BOLLINGER BANDS Bollinger Bands consist of a center line and two price channels (bands) above and below it. The center line is an exponential moving average; the price channels are the standard deviations of the stock being studied. The bands will expand and contract as the price action of an issue becomes volatile (expansion) or becomes bound into a tight trading pattern (contraction). Bollinger Bands is a versatile tool combining moving averages and standard deviations and is one of the most popular technical analysis tools available for traders. There are three components to the Bollinger Band indicator: Moving Average: By default, a 20-period simple moving average is used. Upper Band: The upper band is usually 2 standard deviations (calculated from 20-periods of closing data) above the moving average. Lower Band: The lower band is usually 2 standard deviations below the moving average. When stock prices continually touch the upper Bollinger Band, the prices are thought to be overbought; conversely, when they continually touch the lower band, prices are thought to be oversold, triggering a buy signal.

When using Bollinger Bands, designate the upper and lower bands as price targets. If the price deflects off the lower band and crosses above the 20-day average (the middle line), the upper band comes to represent the upper price target. In a strong uptrend, prices usually fluctuate between the upper band and the 20-day moving average. When that happens, a crossing below the 20-day moving average warns of a trend reversal to the downside

Looking at the chart we see that whenever the stock price goes below the lower band, prices are thought to be oversold, triggering a buy signal. At present stock price is around the middle band which has maintained a neutral signal for the stock.

Chart Pattern Study

Inverted Hammer-14th November 2013: they are found at the bottom of the decline is evidence that bulls are stepping in but still sell is going on.

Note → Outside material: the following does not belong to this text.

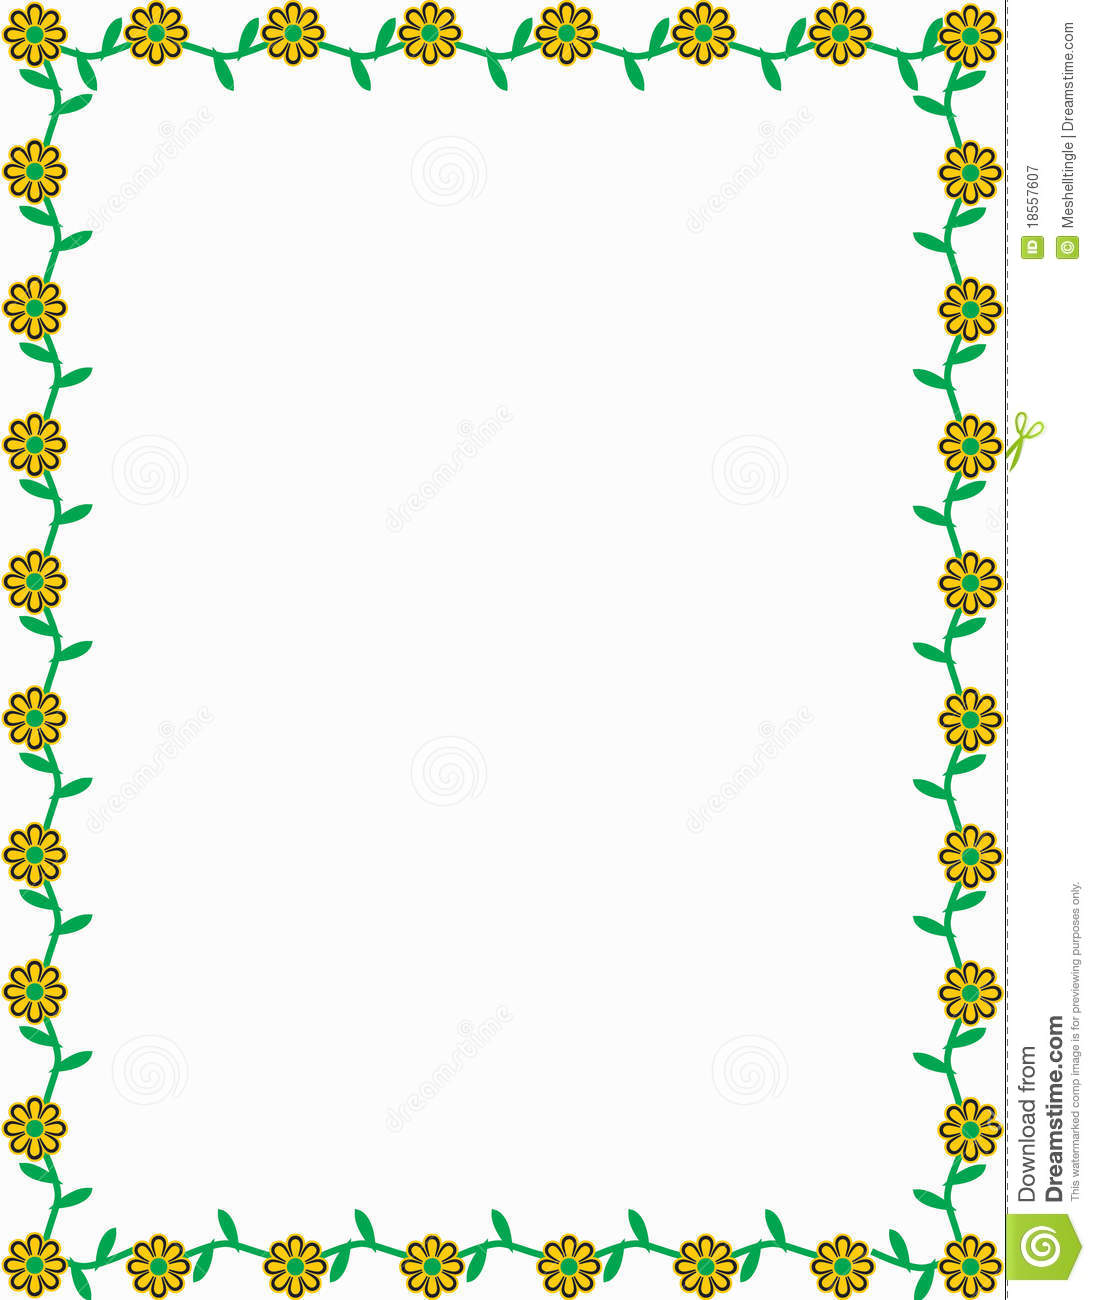 clipart spring flowers border - photo #33

The day after the inverted hammer signal opens higher. Bullish Harami-22nd November 2013: In downward trend large red candle is followed by small green candle resulting in price to go down. Morning Star-13th November 2013: it is bullish reverse pattern followed by a tall red body candle and a second candle with small real body and third green candle that closes well with first sessions real body resulting in reverse pattern.

Pattern Study

The horizontal red line indicates a resistance of Rs700 in the stock. If its break this level again it might show a upward trend. For the past three months stock is trading between the two parallel red line and if its break lower support line it might form a Bear Flag in a downtrend.